> [Problem details]: Strip the pictures, then copy the remaining data exactly as it stands.

> [Information supplied]:
=======

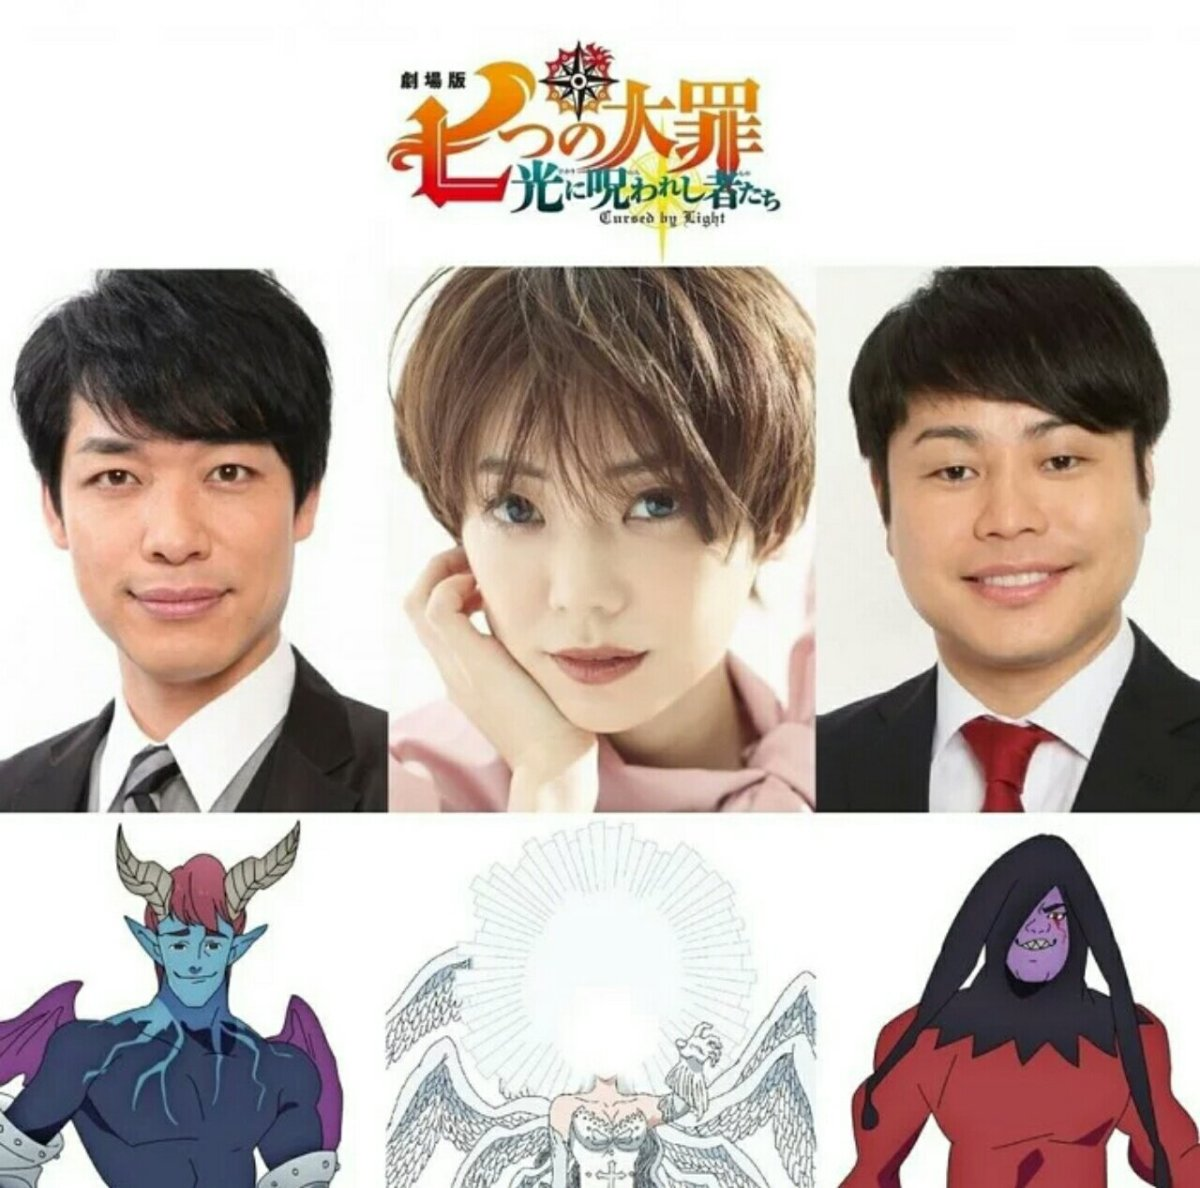 Trailer Lengkap Film Anime The Seven Deadly Sins: Cursed By Light Mengungkapkan Seiyuu Lainnya dan Lagu Tema 3
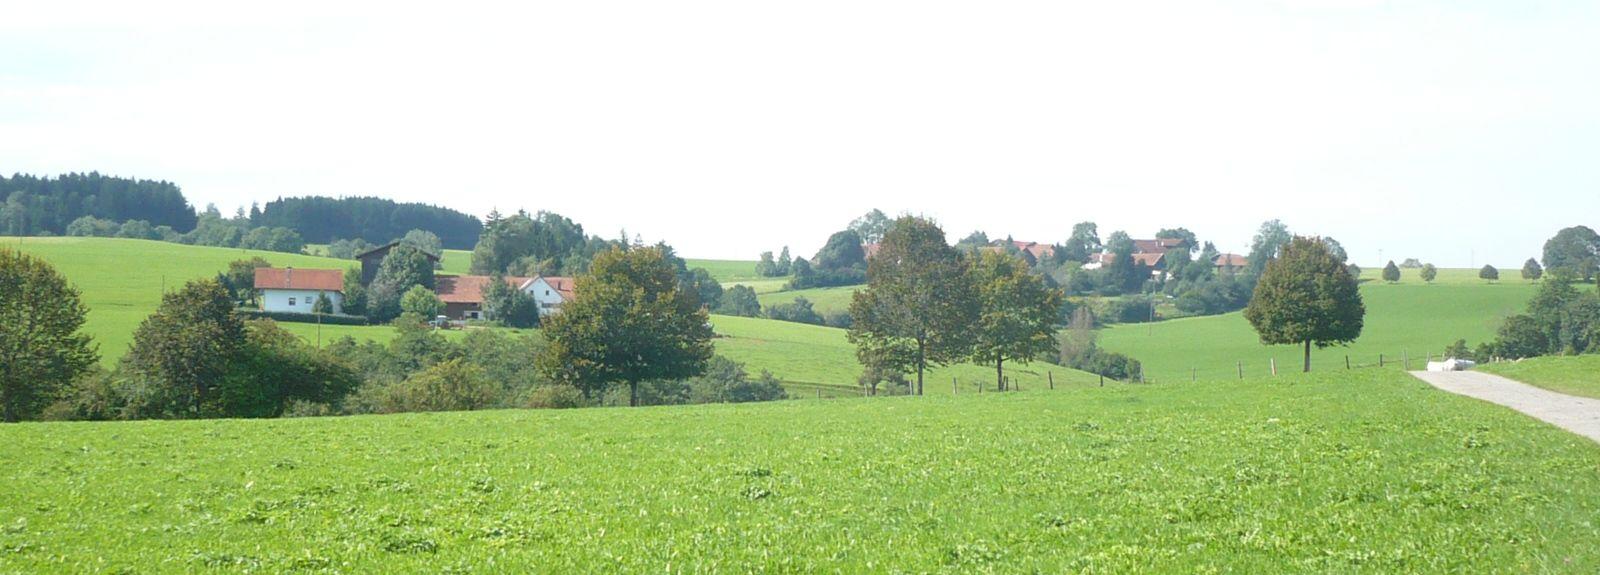 Friesenried, Bayern, Deutschland
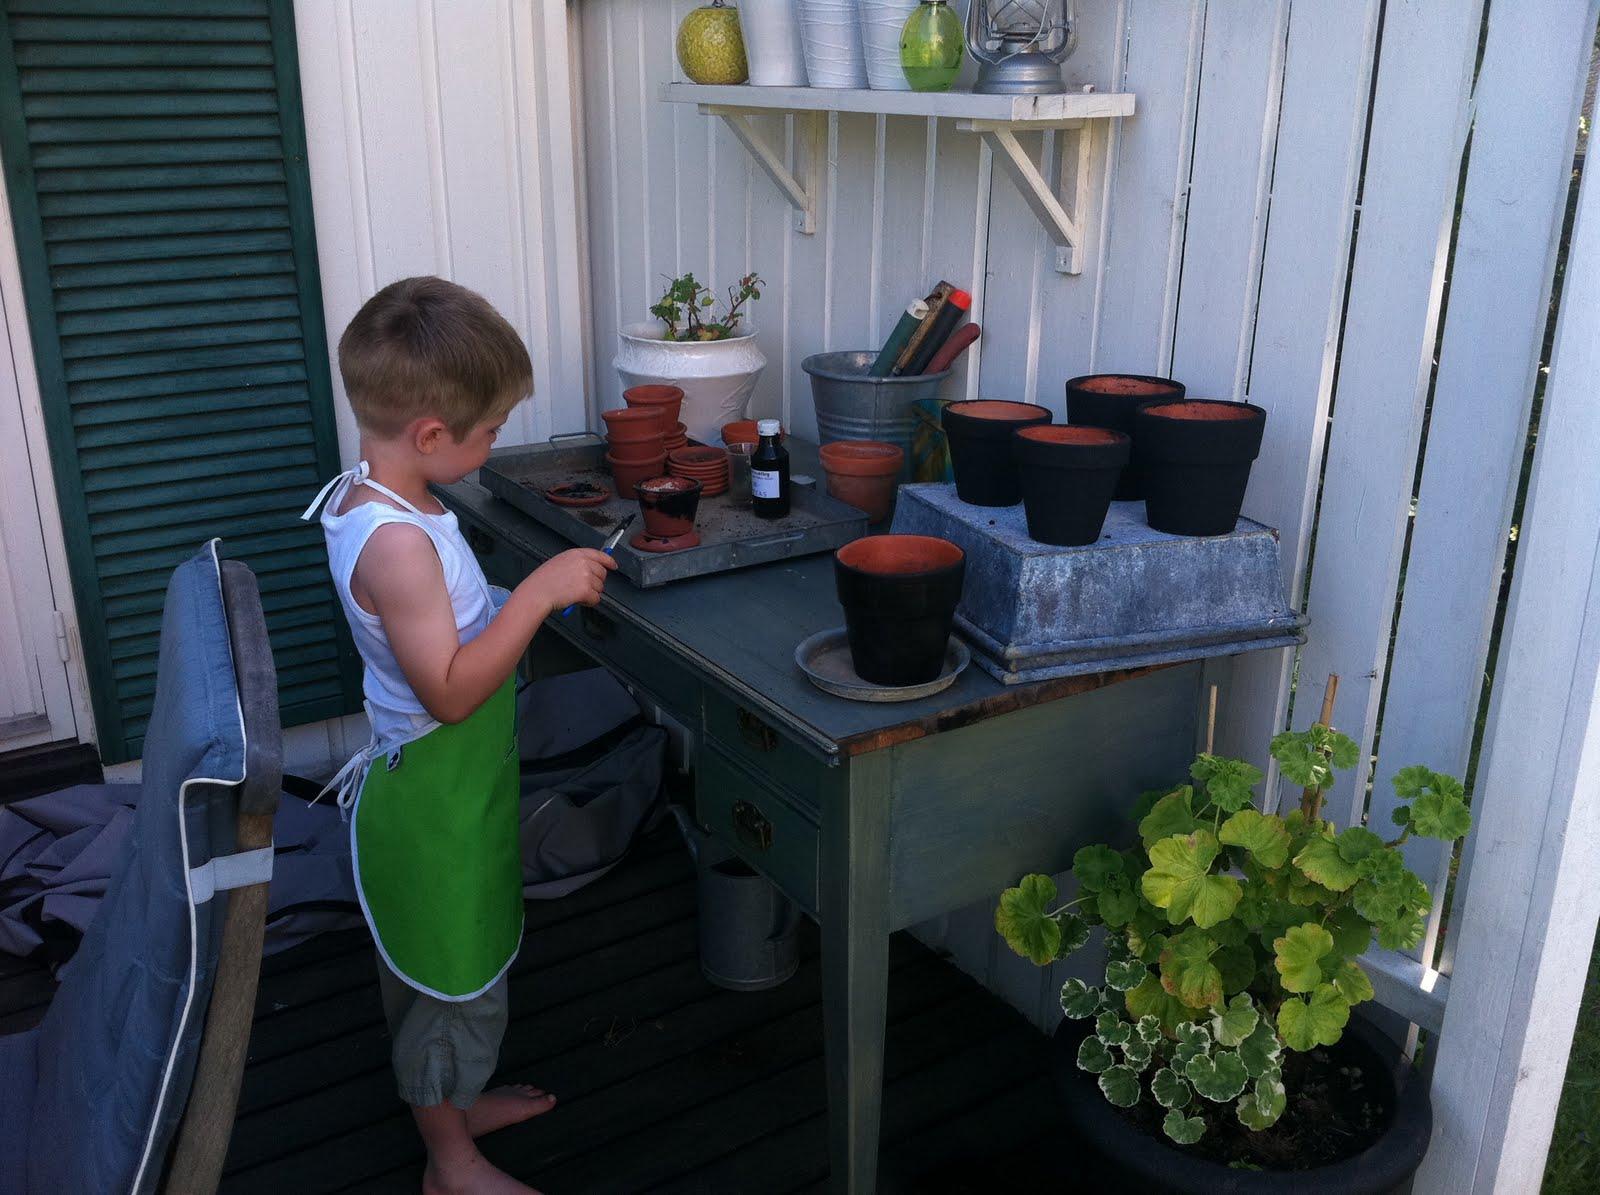 Njut i din trädgård: pyssel i trädgården
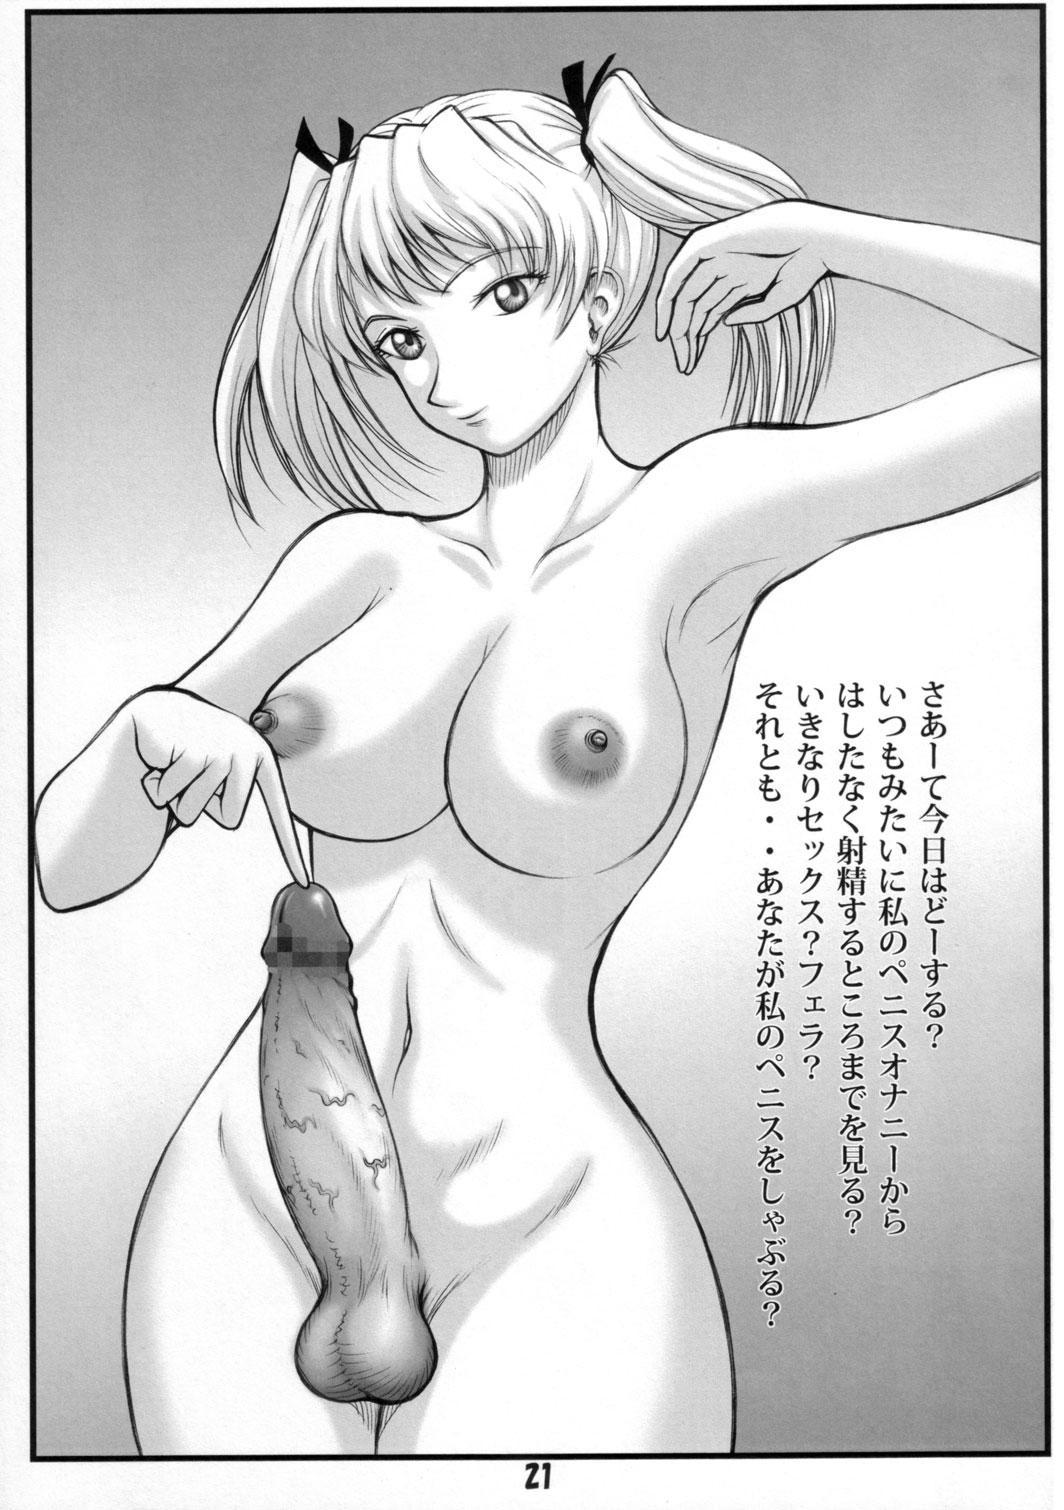 Yakumo to Sara no Futafuta Otomarikai 19

=======

> [Task result]:
 Trailer Lengkap Film Anime The Seven Deadly Sins: Cursed By Light Mengungkapkan Seiyuu Lainnya dan Lagu Tema 3
 Friesenried, Bayern, Deutschland
 Njut i din trädgård: pyssel i trädgården
 Yakumo to Sara no Futafuta Otomarikai 19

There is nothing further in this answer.